Conversely, physical inactivity is the fourth-leading cause of death worldwide[11] and is one of the great public health challenges of the 21st century.[12] Decades of empirical evidence demonstrate that engaging in regular physical activity significantly protects against cardiovascular disease, diabetes, certain cancers, depression, anxiety, and other noncommunicable diseases, for which older adults are at higher risk.[11–13] In 2000, physical inactivity was associated with $76 billion in health care costs.[14] Given the very limited impact of individual-level interventions designed to increase PA,[15] a comprehensive approach that addresses environmental and system-level factors and professional development is required. With the acknowledgment of the ever-growing number of individuals living into old age, interventions and policies must be tailored to meet the distinct differences in the older adult population.

The PA guideline for healthy older adults calls for 150 minutes a week of moderate-intensity or 75 minutes a week of vigorous-intensity aerobic PA, with two or more days a week of muscle-strengthening activities that are of moderate or high intensity and involve all of the major muscle groups.[16] Despite such recommendations, in 2011 only 52.7% of US adults older than 65 years reported meeting the aerobic activity guideline, 21.7% met the muscle-strengthening guideline, and a 15.9% met both.[17] A recent review examining the percentage of older adults meeting PA guidelines showed that, among the 53 papers reviewed, the percentage ranged from 2.4% to 83%, with the majority of papers reporting that 20% to 69% of older adults met the guidelines.[18] These ranges are due to the competing influences of different measurement methodologies (subjective versus objective), attempts to capture the various domains of PA (leisure, transportation, occupational, household, exercise), use of conflicting definitions of moderate and vigorous PA, and different PA recommendations. Accelerometer data (which are considered the most reliable method for measuring PA) from the National Health and Nutrition Examination Survey showed that 2.4% of US adults older than 60 years met the PA guidelines in 2003–2004, while 8.5% of adults 60–69 years of age and 6.3% of those 70 years or older met the guidelines in 2005–2006.[19] Although variations in PA measurement create challenges, the aforementioned trends in PA engagement have shown over time that the vast majority of US older adults are not meeting the stated guidelines.

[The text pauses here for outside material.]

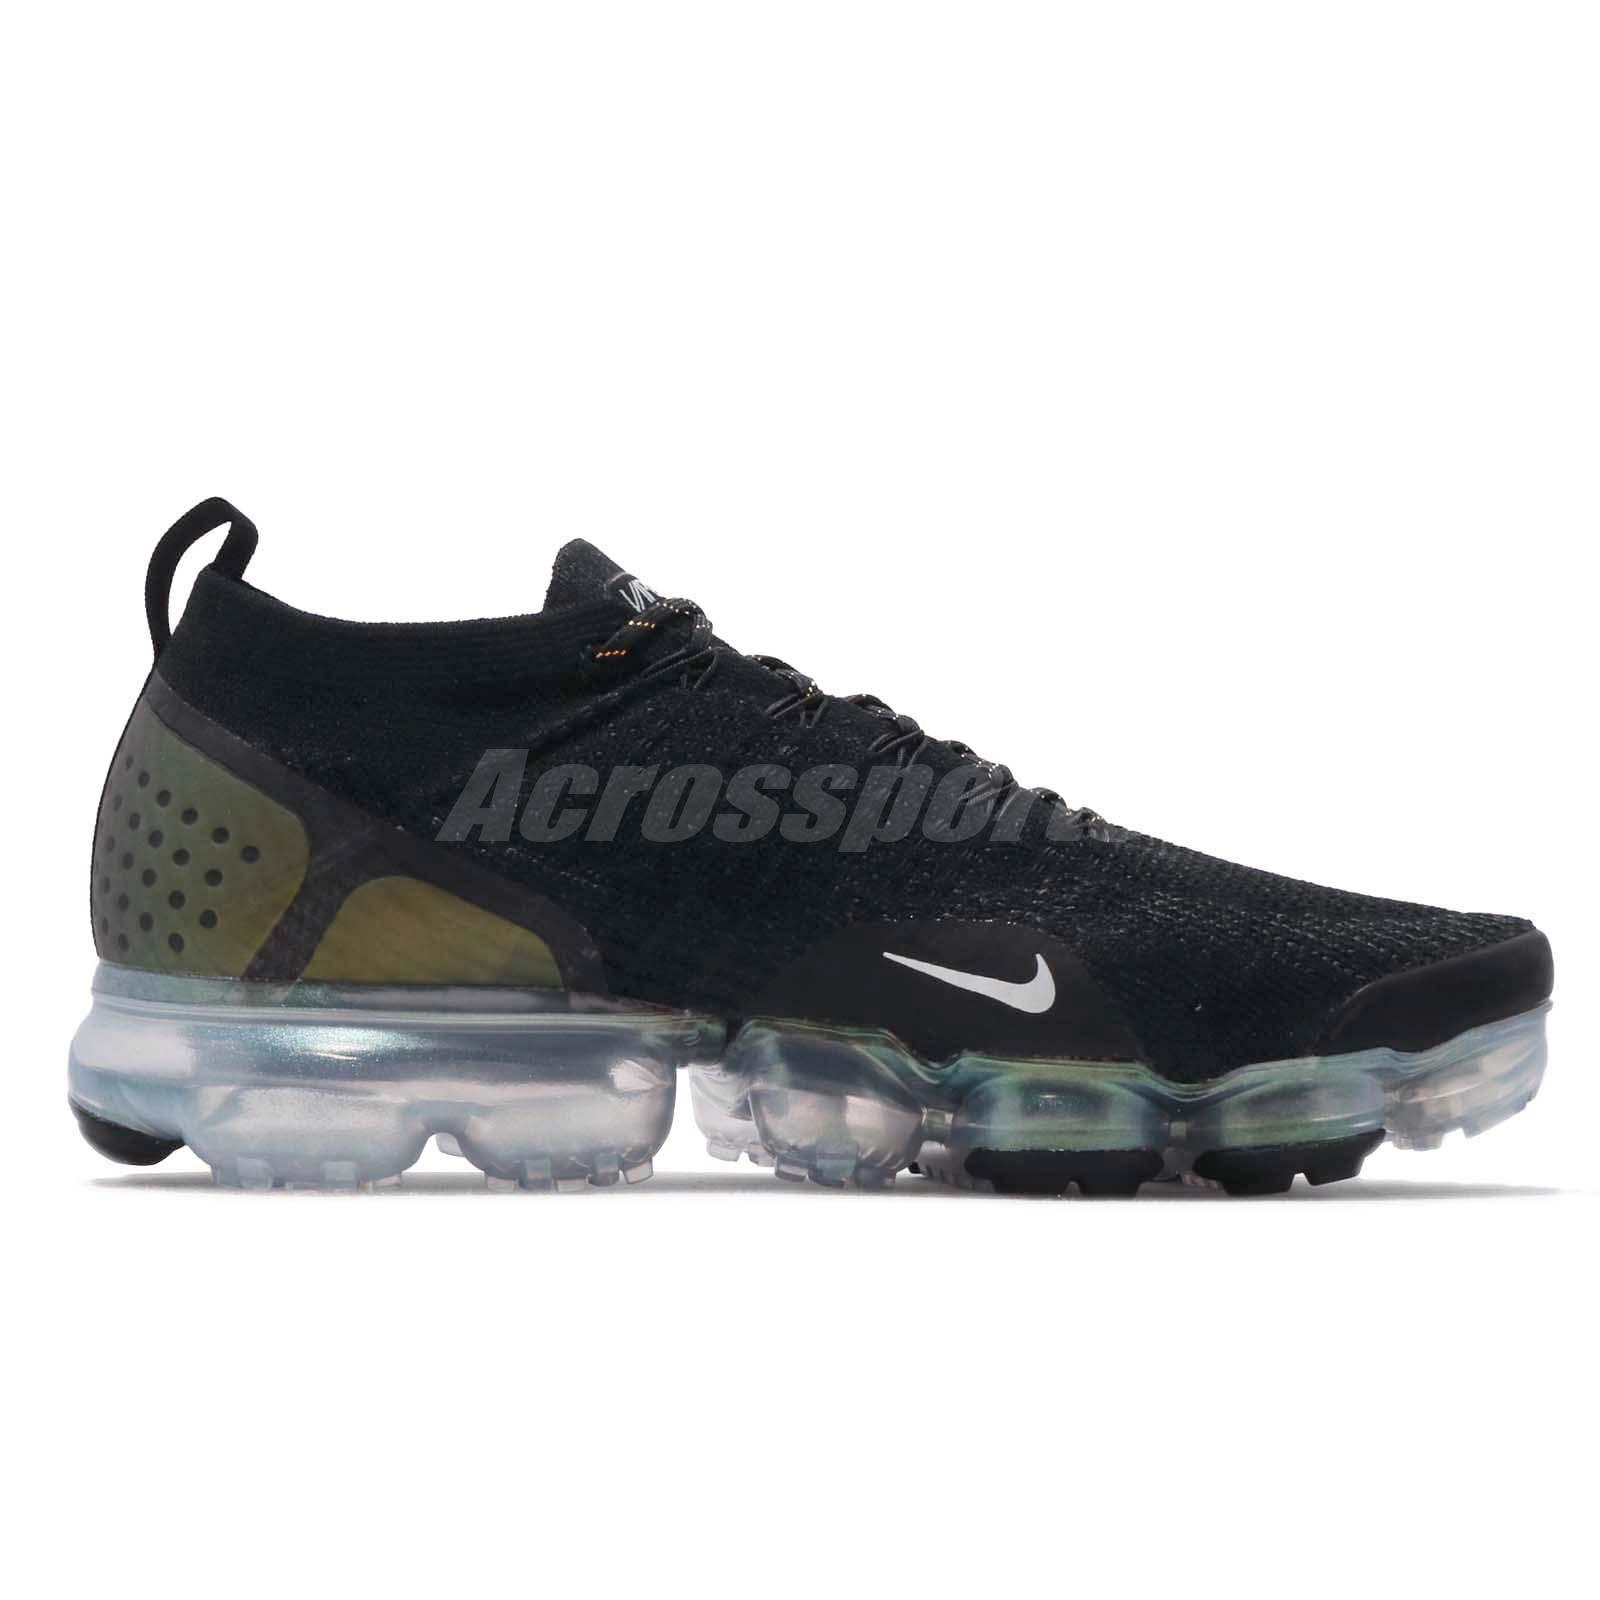 ba1efb154b Nike Air Vapormax Flyknit 2 Black Gold Men Running Shoes Sneakers ...

However, there are observed disparities with regard to PA participation among specific subgroups of the older adult population. For example, PA engagement is lower among older adult members of racial/ethnic minority populations, in part owing to the varying socioeconomic status (SES) of these groups,[17,20] and older adults living in rural areas.[21] Older adults are particularly subject to the influences of low SES, including lack of resources (facilities, equipment, transportation) and general health knowledge as well as age- and culture-related misconceptions about PA.[22,23] Furthermore, older adult women are less active than men, and this gap widens with increasing age.[24] Thus, efforts aimed at enhancing social support and self-efficacy related to the benefits of exercise are warranted to ameliorate detrimental influences of SES and gender in the older adult population.

A myriad of barriers result in PA behavior adoption and maintenance being more difficult among older adults. These barriers can broadly be categorized as individual or environmental. Individual factors, such as chronic conditions, can cause mobility issues that result in increased risk or fear of falling.[25] Many chronic health problems can lead to a cycle in which symptoms of the chronic condition lead to inactivity, which further exacerbates the health problem.[26] Thus, there is not only a direct influence of the health outcome on PA engagement but also an indirect influence (such as chronic pain or sensory deficits from degenerative diseases).[27] Individual barriers to PA such as lack of interest, motivation, or enjoyment are also commonly reported by older adults,[28] and culture, gender, and generation should be considered in planning programs.[29] Beyond the evidence of correlations between individual barriers and PA,[30] interventions directed at modifiable individual barriers among older adults have shown success through a combination of self-monitoring,[31] education to reduce barriers and their associated management, and specific PA prescriptions.[32]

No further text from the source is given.